***** Source records

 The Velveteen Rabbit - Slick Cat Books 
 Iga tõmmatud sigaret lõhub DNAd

**********
***** Source records

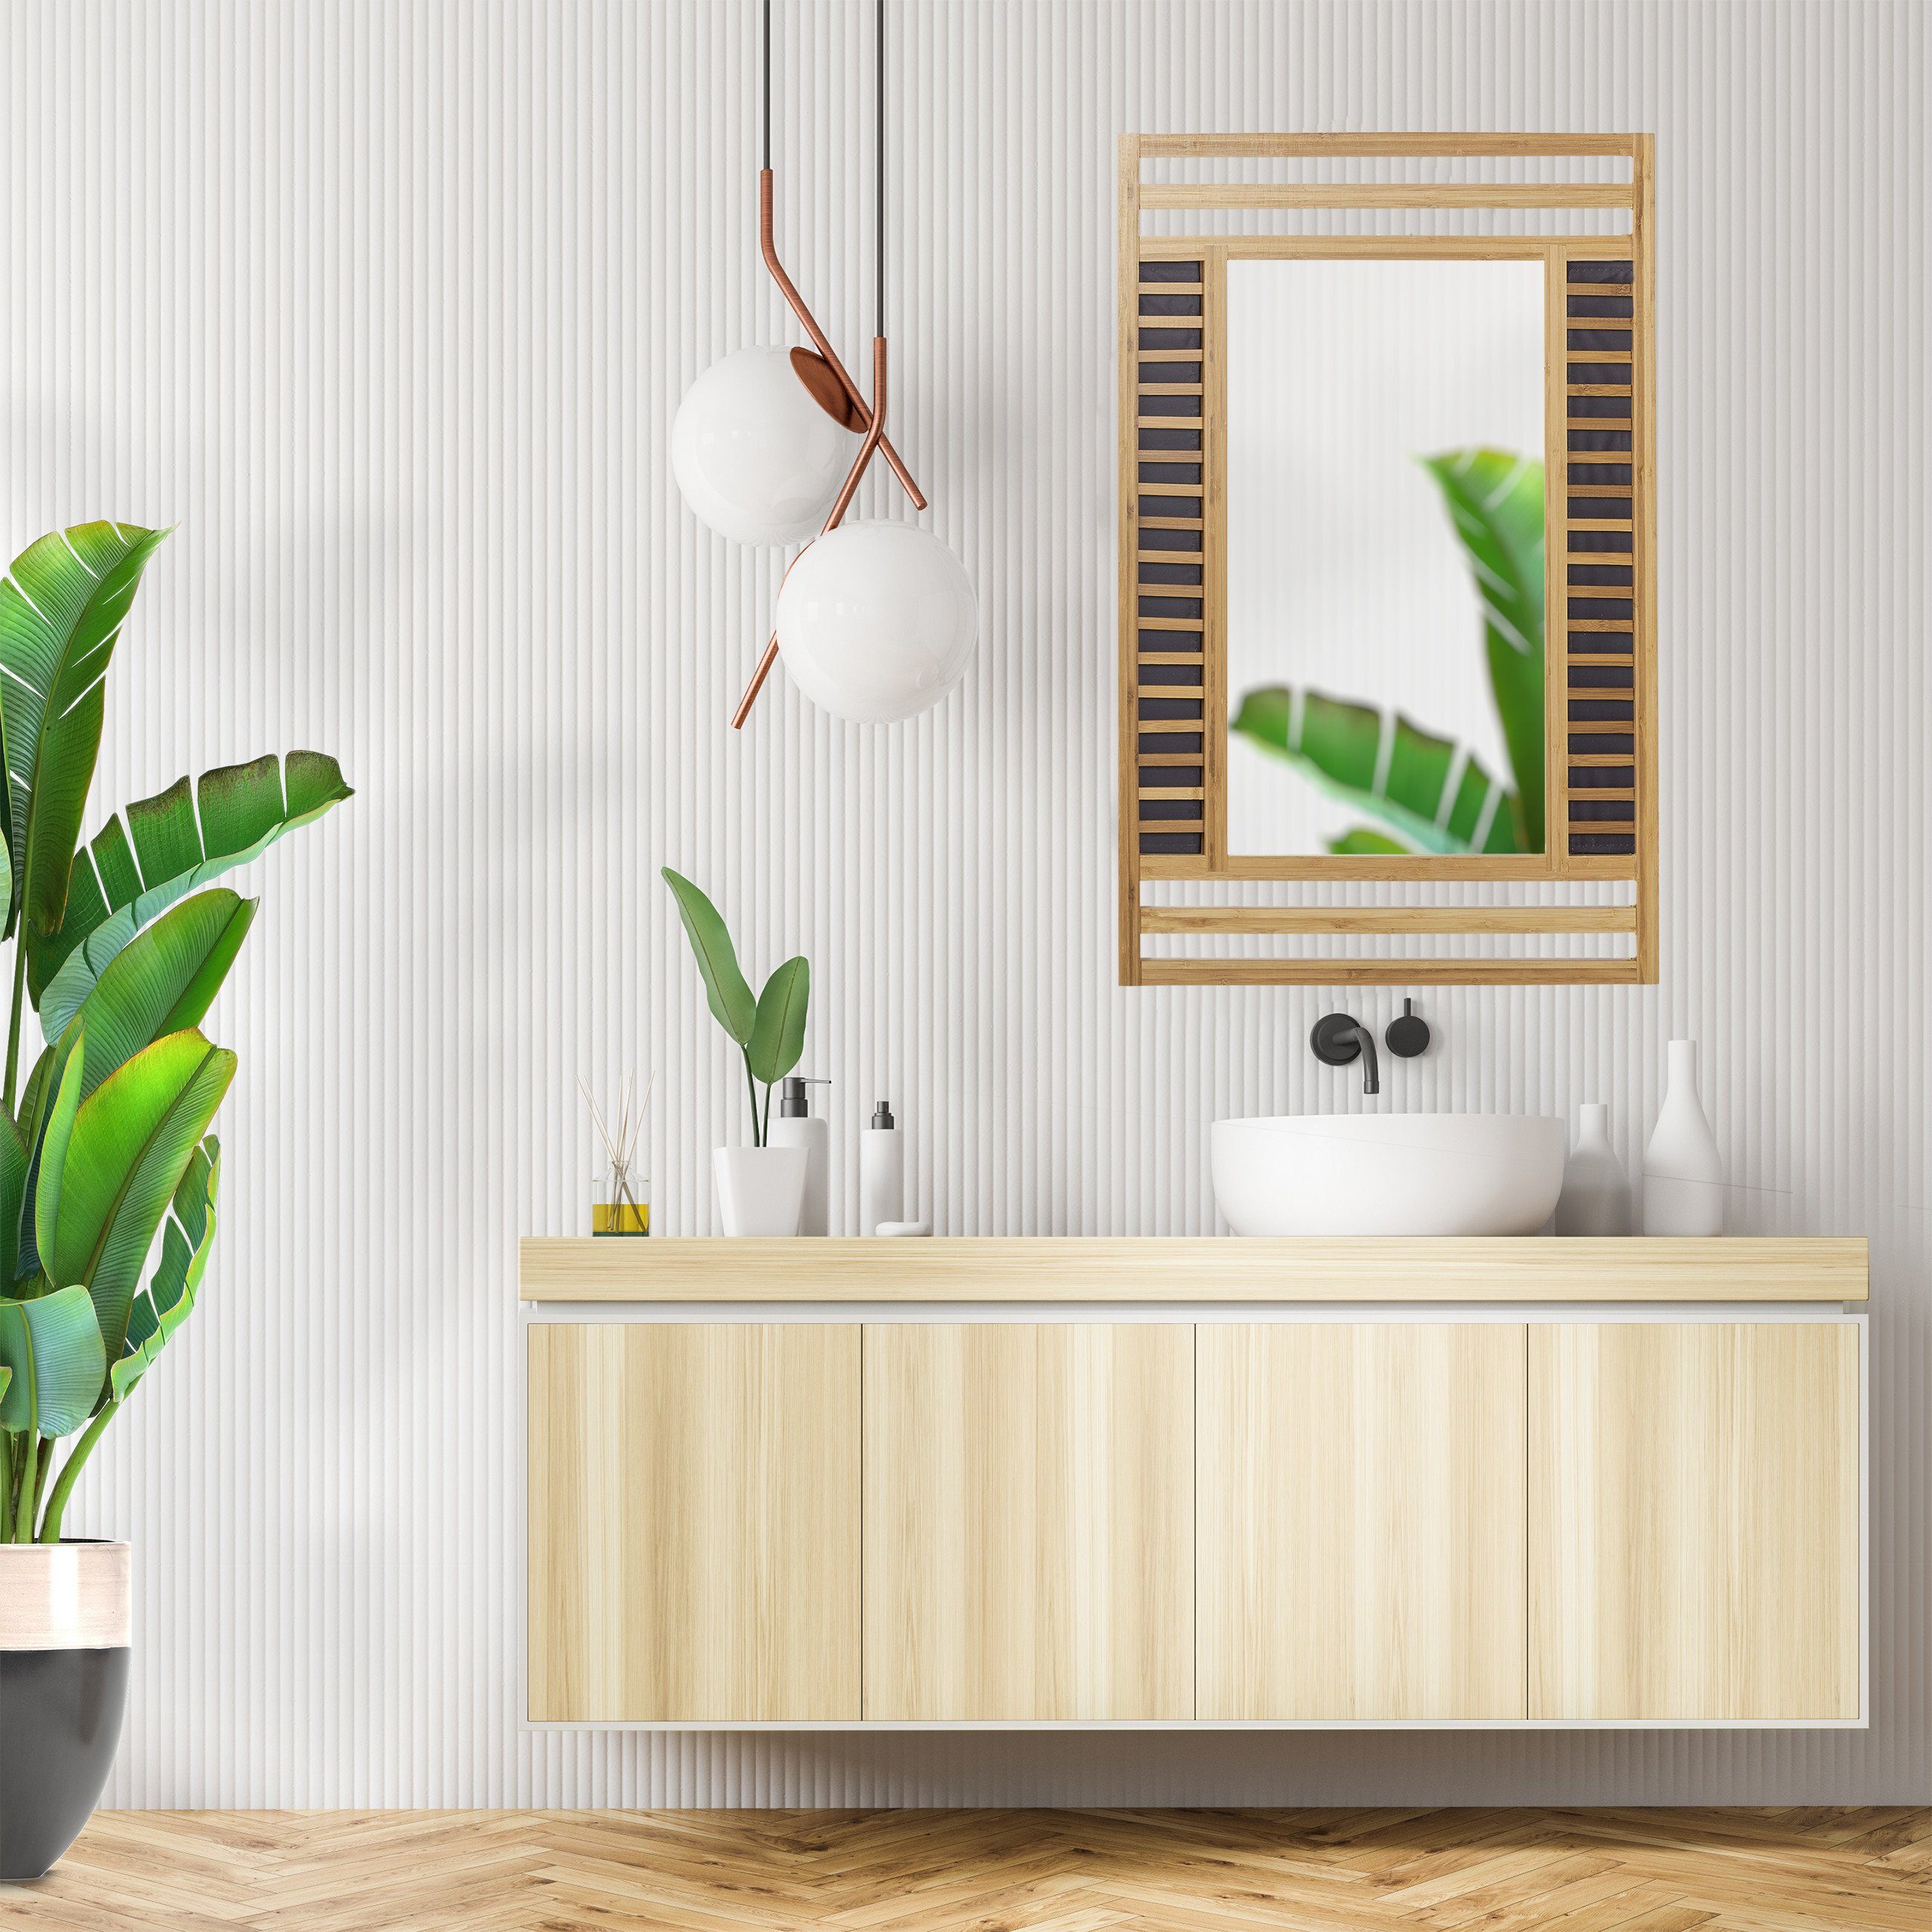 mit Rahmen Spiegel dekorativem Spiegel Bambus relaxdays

**********
***** Source records

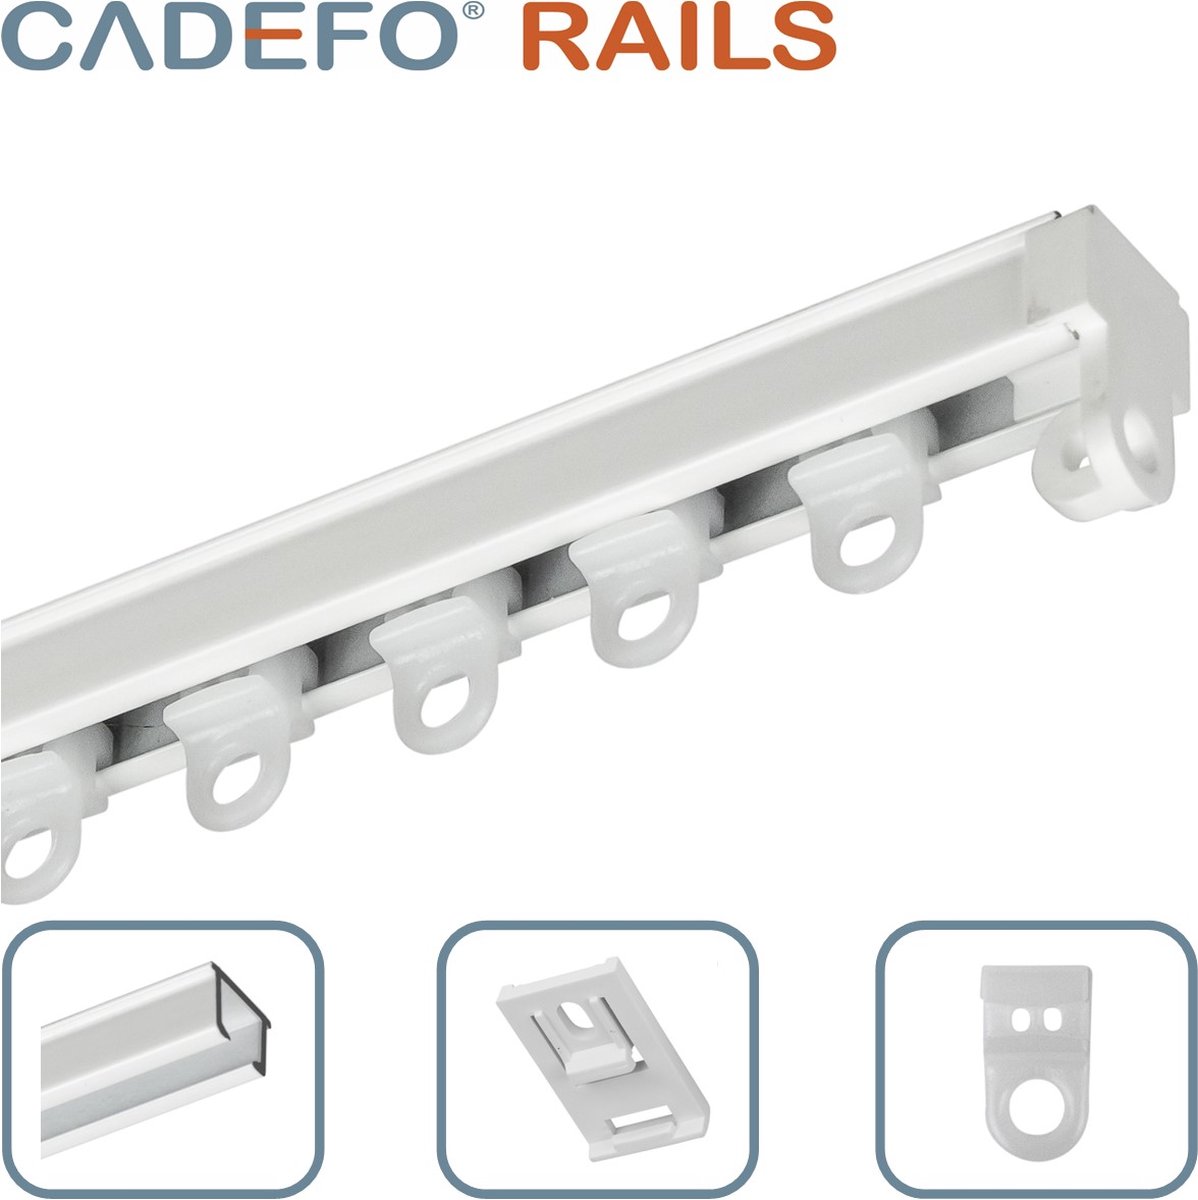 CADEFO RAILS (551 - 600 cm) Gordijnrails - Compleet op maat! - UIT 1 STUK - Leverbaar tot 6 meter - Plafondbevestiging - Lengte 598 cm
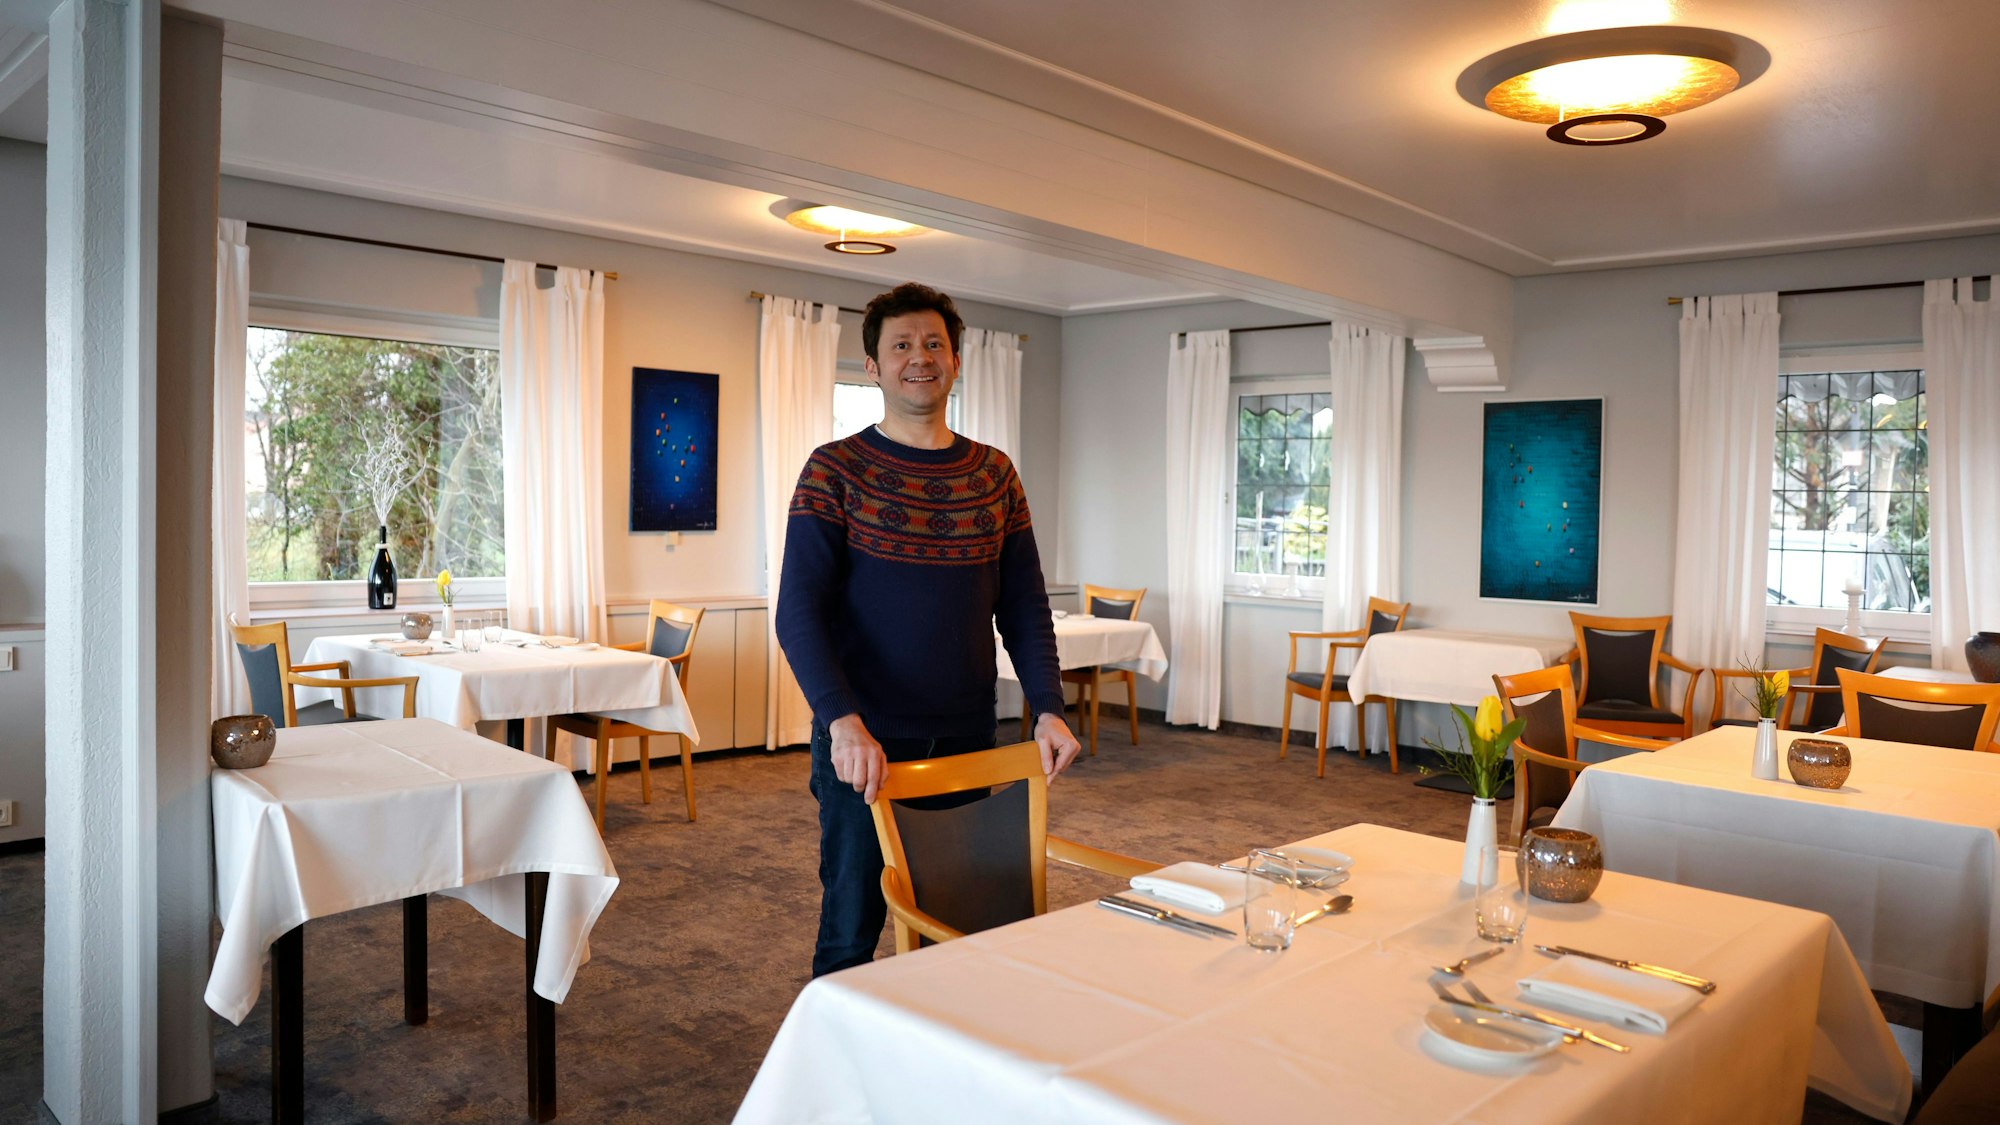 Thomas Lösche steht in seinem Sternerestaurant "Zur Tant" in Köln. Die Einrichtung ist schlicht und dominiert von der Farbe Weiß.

**********

**Aim of the exercise**: Starting at the line above that contains "CADEFO RAILS (551", transcribe every line exactly through the line that contains "Thomas Lösche steht", including that last one, and skip the pictures.

**Answer to this problem**:
 CADEFO RAILS (551 - 600 cm) Gordijnrails - Compleet op maat! - UIT 1 STUK - Leverbaar tot 6 meter - Plafondbevestiging - Lengte 598 cm
 Thomas Lösche steht in seinem Sternerestaurant "Zur Tant" in Köln. Die Einrichtung ist schlicht und dominiert von der Farbe Weiß.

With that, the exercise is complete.